4月26日の欧州中央銀行(ECB)理事会において、ECBの経済状況に対する広範な評価が変更される可能性は低いと思われます。ECBの金融政策正常化に向けたスタンスは引き続き、(景気回復に)自信を持ち、辛抱強く、継続的に、規律が保たれ、かつ段階的に、というECBのガイダンス原則に則ったものとなるでしょう。

口頭でのメッセージ発信は容易に行うことができるため、ドラギ総裁は、利上げ開始時期を遅らせねばならない非常事態(貿易摩擦やユーロ高など)について言及することもあり得ます。より明示的にハト派的な政策スタンスが示された場合には、利上げ開始時期が遅れるという市場の見通しを裏付けるものとなります。

いずれにせよ、ECBは経済予測の更新を行う6月14日の理事会に向けて、インフレ率や製造業購買担当者景気指数(PMI)などの経済指標を注視するでしょう。

 

ユーロ圏の軟調な景気モメンタムやインフレ率の低下が話題となっていますが、ECBの金融政策見通しについては、結論を急ぐことはありません。確かに、足元数ヵ月間で景気のダウンサイドリスクが再び意識されるようになり、ECBの政策担当者も頭を悩ませているものと思われます。

 

一方、最近の経済指標はハト派を勢いづかせる軟調な内容となっているものの、その程度は、ECBがコミュニケーションの変更によって市場の期待を調整することが可能な範囲となっています。ECBウォッチャーが知ることとなるのは、金融政策正常化は、規律が保たれ、継続的に、辛抱強く、段階的に、予見可能な、臨機応変に、測定可能な、と様々な言葉で形容されるということです。全て言い尽くしてしまったら、彼らは何を付け加えるのでしょうか。

 

口頭でのメッセージ発信は容易に行うことができるため、ドラギ総裁は、利上げ開始時期を遅らせねばならない非常事態(貿易摩擦やユーロ高など)について言及することもあり得ます。また、第2四半期に強い景気指標の反発がない限り、6月の理事会でECBスタッフの見通しを引き下げる可能性もあります。重要なのは、ドラギ総裁は暗に市場の利上げ予想が後ろ倒しになることに裏付けを与えようとしているとも考えられるということです。

 

図表1 ECBの初回利上げまでの月数(市場予想)

 

出所:ピクテグループ、ブルームバーグ

 

ただし、予期されていたよりも大きなGDP(国内総生産)ギャップ、という考え方に基づいて述べられてきたECBのレトリックには、限界が近づいてきているとも考えられます。

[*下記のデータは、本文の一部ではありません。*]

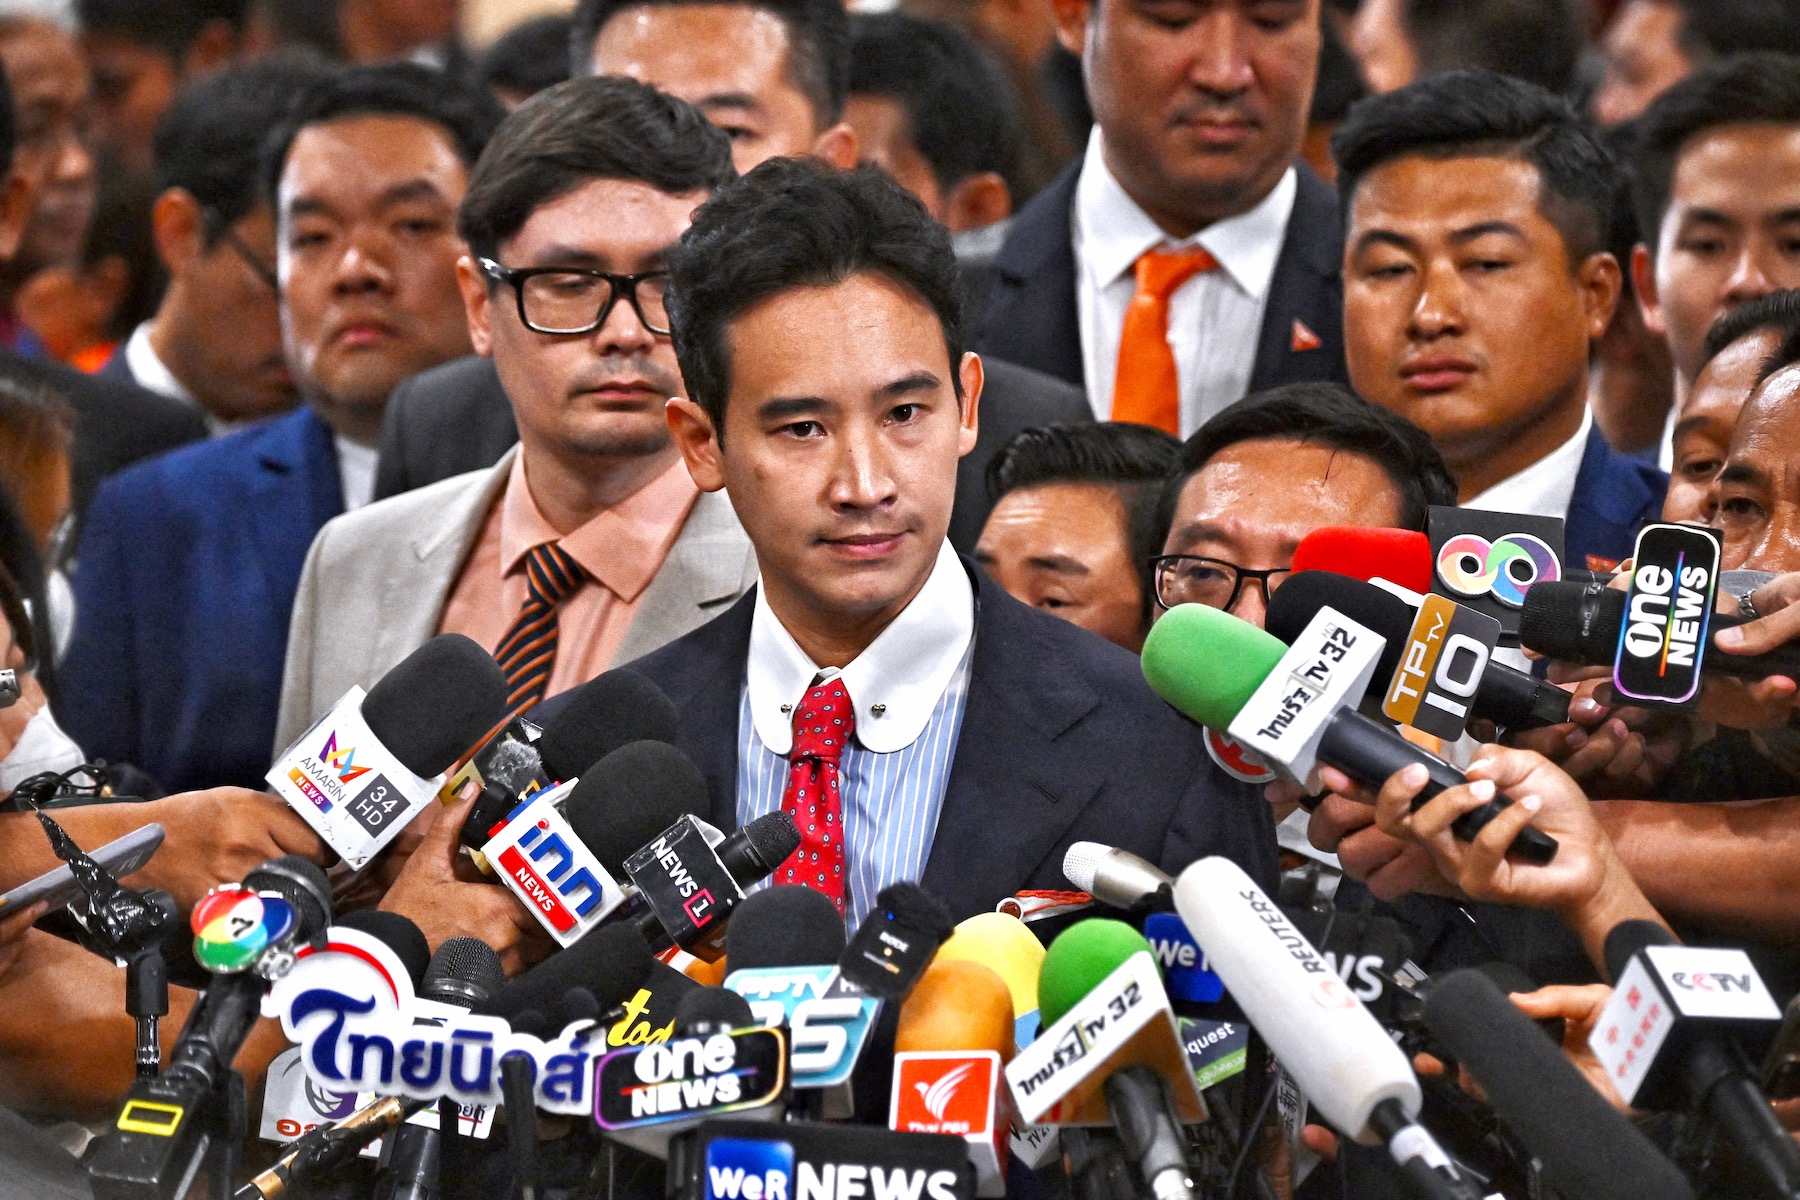 This Progressive Thai Opposition Politician Who Was Blocked From Being Prime Minister Has Been Found Not Guilty Of Violating Election Laws

このことは、ECBのクーレ理事が、構造改革のポジティブな効果やサプライサイドの潜在的な成長力を考慮すると、ECBの限界貸出金利は市場が予想しているよりも高い水準であるべきだと述べたことにも現れています。

 

足元では、ECBは軟調であった第1四半期に続く経済データがどうなるかを注視しているものと考えられます。この点について、経済指標は今後も強弱入り混じるでしょうが、これまで、失業率は、ECBが予想するよりも広範にかつ早いスピードで低下しています。また、コアインフレ率(図表2 スーパーコアインフレ率をご参照ください)と賃金は緩やかながら着実に上昇しています。

 

ユーロ高は懸念材料ですが、コアインフレ率へのより大きな影響はほとんど見られていません。3月のエネルギーを除く産業製品のインフレ率が速報値から下方修正されたのは、主に服や履物などの準耐久消費財の影響によるものであり、消費者物価全体の動向への明らかな示唆はありません。もちろん、ECBが緩和姿勢の維持に対する短期的な弁明の材料として為替レートに言及する可能性はあります。一方で、原油価格の上昇が、ECBスタッフの経済予測の更新が行われるという点でより重要な6月の理事会に向けて、インフレ率を緩やかに上昇させることもあり得ます。

 

図表2:ユーロ圏のコアインフレ率

 

出所:ピクテグループ、ECB、Eurostat

 

コンセンサスの形成には未だ時間がかかりそうです。早いイースター休暇が旅行関連サービス価格に与えた効果が剥落することなどにより、4月のHICPインフレ率(5月3日速報値公表予定)が、より大きく下落した場合や、貿易関税への懸念によって景況感の反発が打ち消され、5月のPMIが悪化する場合、インフレ率には下落圧力がかかります。更に、6月のEU首脳会談でユーロ圏の改革について合意に至ることができなかった場合、ECBに対して金融緩和縮小をより緩やかに行うように政治的な圧力がかかる恐れもあります。

 

いずれにせよ、第1四半期に見られたユーロ圏の軟調な景気モメンタムやインフレ率の低下が第2四半期にも継続するか否かなどが、今後のECBの政策動向を占う上でのポイントとなりそうです。